Le seul endroit où je disposais encore d'une relative vie privée était la salle de bain. Je pouvais y rester seule pour me préparer à ma journée de touriste ou à sortir pour dîner le soir avec lui. Dans ce dernier cas, c'est évidemment lui qui choisissait mes vêtements et si le choix se portait sur une jupe, je ne pouvais porter aucune petite culotte.

La journée, j'étais seule dans Budapest et profitait de ce que cette superbe ville pouvait me donner. Le Maître me demandait simplement d'être à 17h00 à l'hôtel, avant son retour prévu 30 minutes après. Je devais l'attendre nue et dès que j'entendais la porte s'ouvrir, je devais me précipiter sur le lit, en levrette, les jambes bien écartées. je devais attendre ses ordres, dans cette position et sans rien dire. Je me souviens de cette fois où il est rentré, ma tapoté les fesses et glissé une main sur le sexe en remontant vers mon petit trou. Je l'ai entendu ensuite prendre une douche, une longue douche, très longue, où j'attendais toujours dans la même position. Après 15 minutes, il sortit enfin de la salle de bain, me prit les mains et me passa les menottes derrière le dos. Il vint à hauteur de mon visage, me prit par les cheveux et engouffra son sexe en érection dans ma bouche. Cette attente, qu'il avait je suppose voulue, m'avait excitée et je suçais avidemment ce sexe gonflé que j'avais attendu toute ma journée de touriste. Il contrôlait le mouvement en poussant son sexe au fond de ma gorge. Il vint ensuite derrière moi et je l'entendais enfiler un préservatif. Sans ménagement, je sentis le sexe de mon Maître s'enfoncer d'un coup dans le fond de ma chatte. D'une main il me tenait par les menottes et de l'autre, par les cheveux pour m'obliger à bien me cambrer. Il me prenait avec force, j'en criais de plaisir. Il se retira ensuite de la fournaise qu'était devenue ma chatte et je sentis son foutre s'écouler par jets chauds sur mes fesses. "Ne bouge pas !", m'ordonna-t-il. Il repartit dans sa douche, et je restai dans cette position d'esclave avec le sperme de mon Maître que je sentais se liquéfier et dégouliner entre mes fesses. C'est après sa douche que le Maître me libéra les poignets et m'autorisa à me doucher.

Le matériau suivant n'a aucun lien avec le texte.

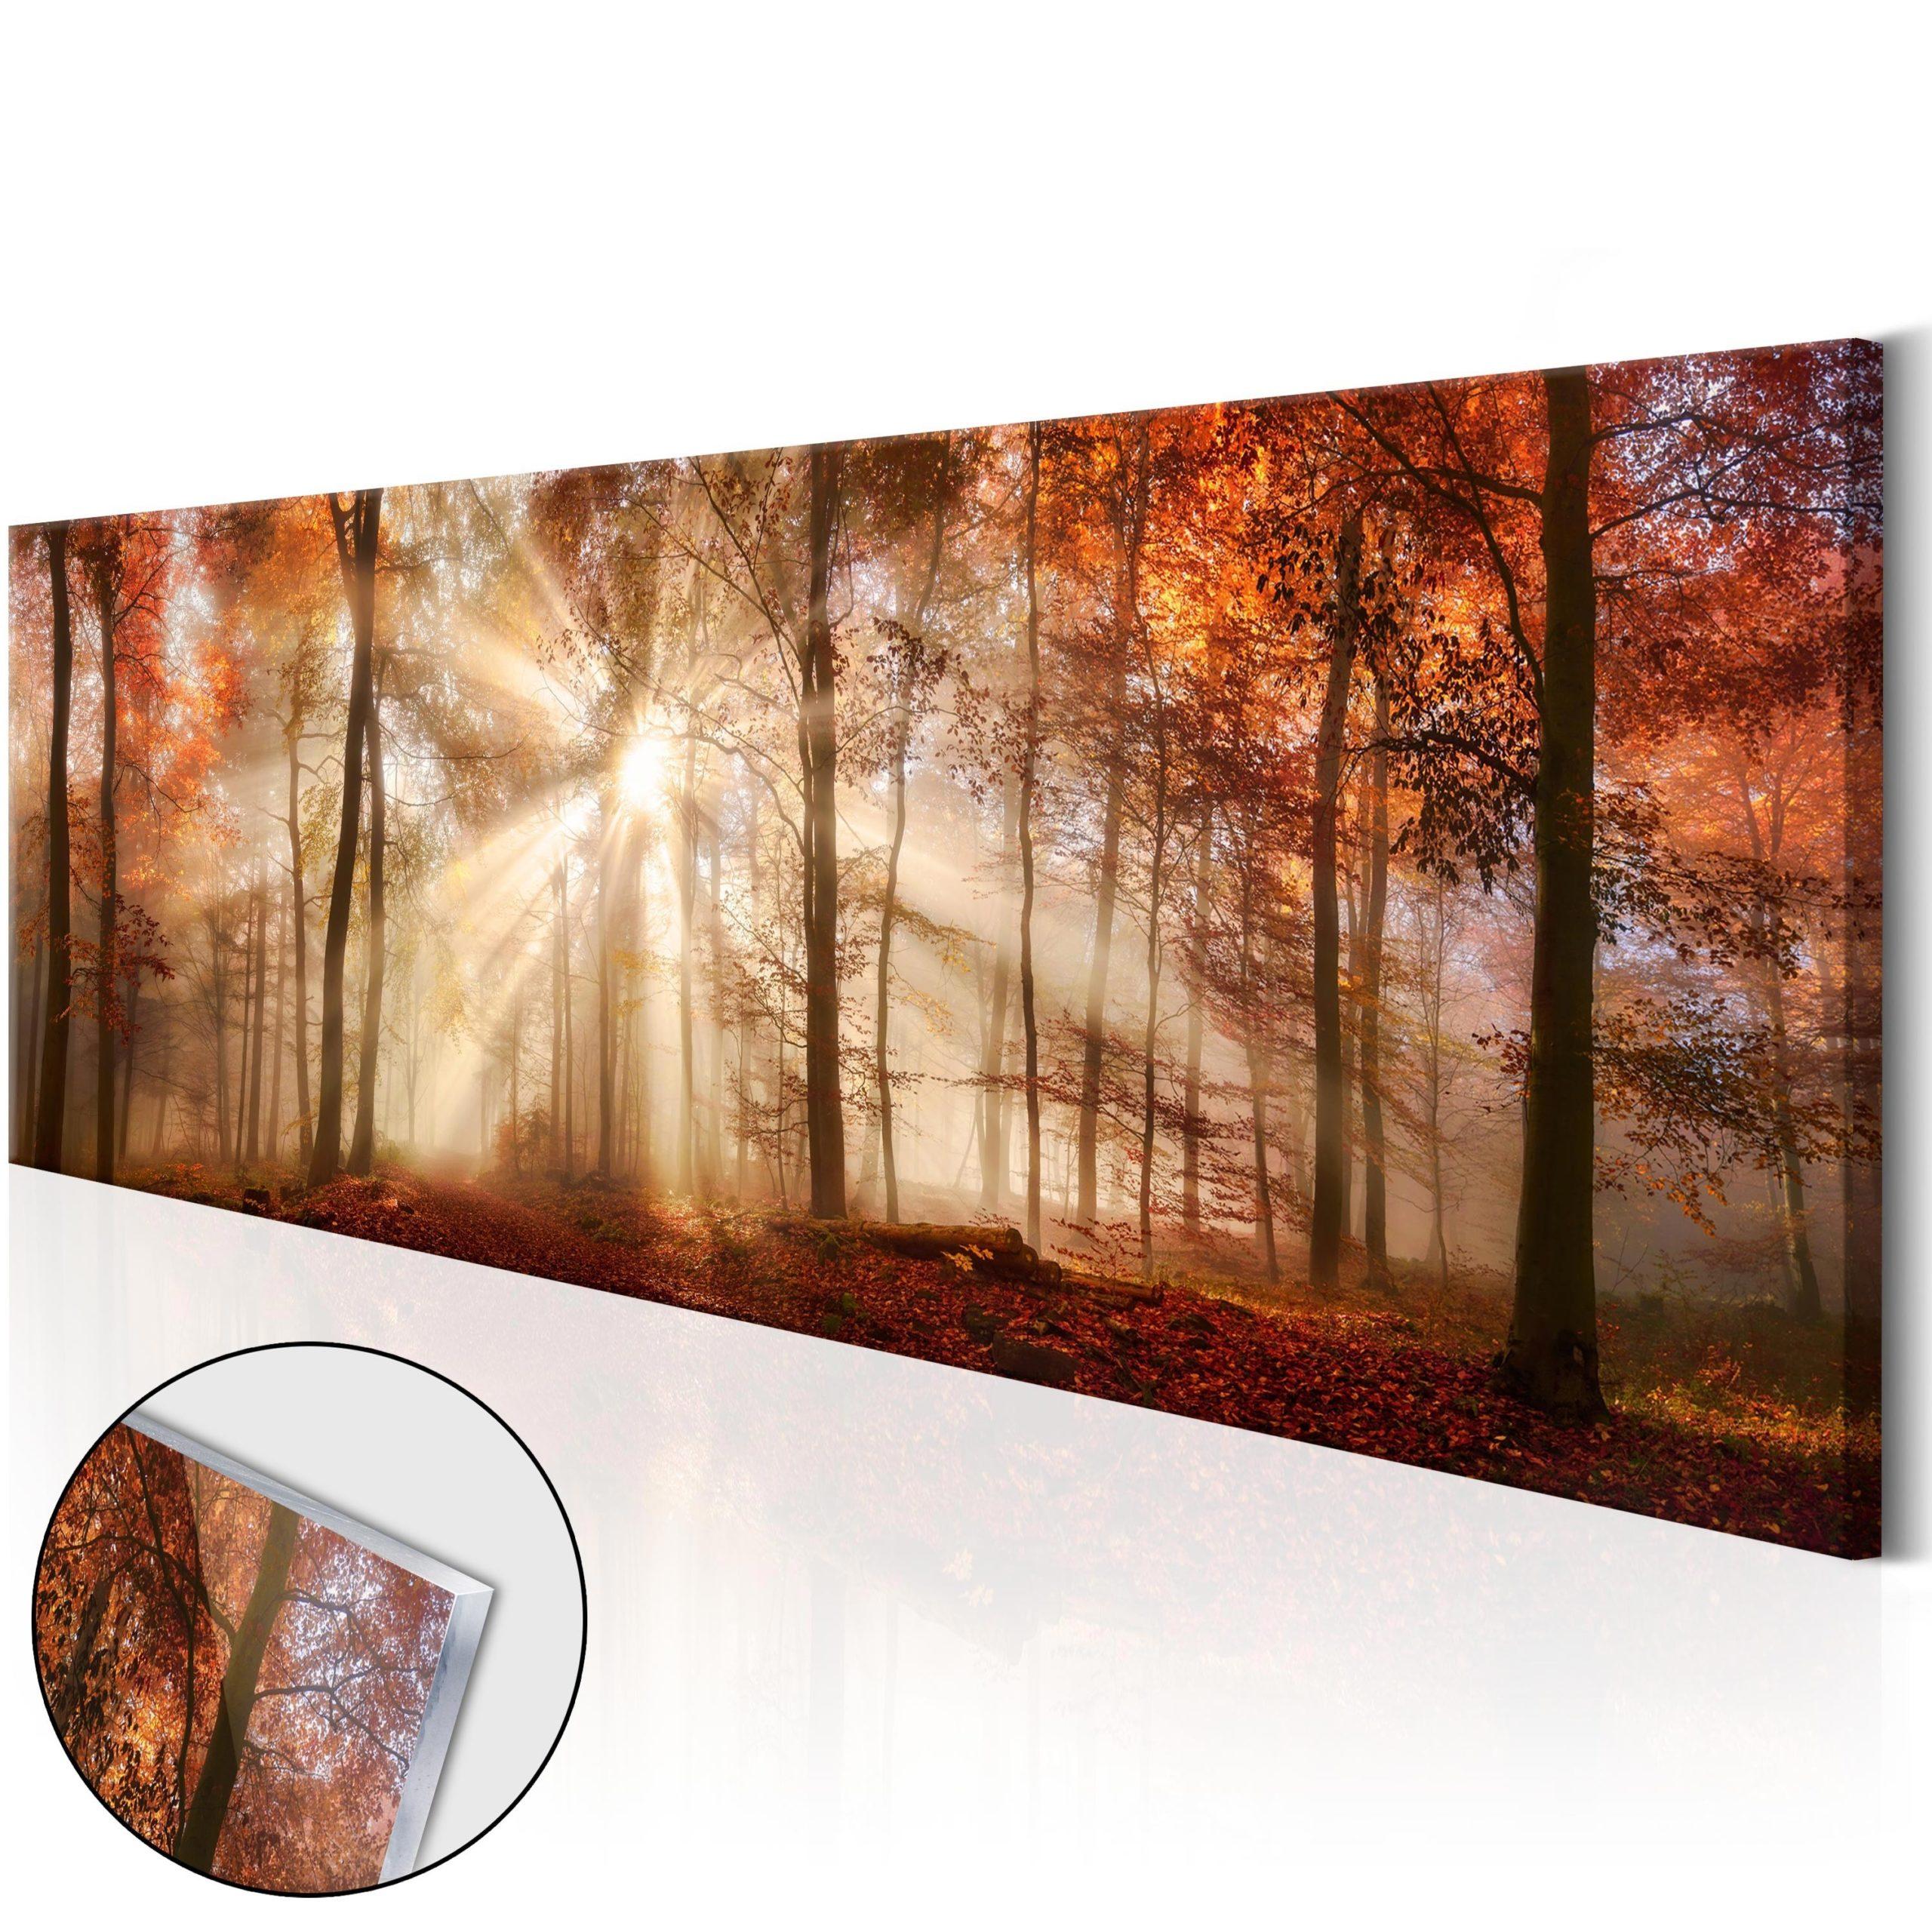 Les paysages méritent d'être imprimés sur acrylique.

J'aimais également nos dîners du soir au restaurant où nous discutions de manière complice. Comme, même là, j'étais Allana, il aimait me donner quelques ordres très excitants que les autres clients ne pouvaient ni entendre ni voir le résultat. J'adorais quand, assise à côté du Maître, les jambes recouvertes par la nappe, il me demandait d'écarter les jambes. Je sentais alors sa main remonter pour toucher mon sexe nu sous la jupe et en évaluer l'humidité. Des moments inoubliables.

Après ces trois jours de voyages, je fus "liberée" et retournai à ma vie après avoir connu l'experience d'une touriste lamda visitant une ville d'Europe et à la fois celle de mon fantasme, d'une esclave sexuelle.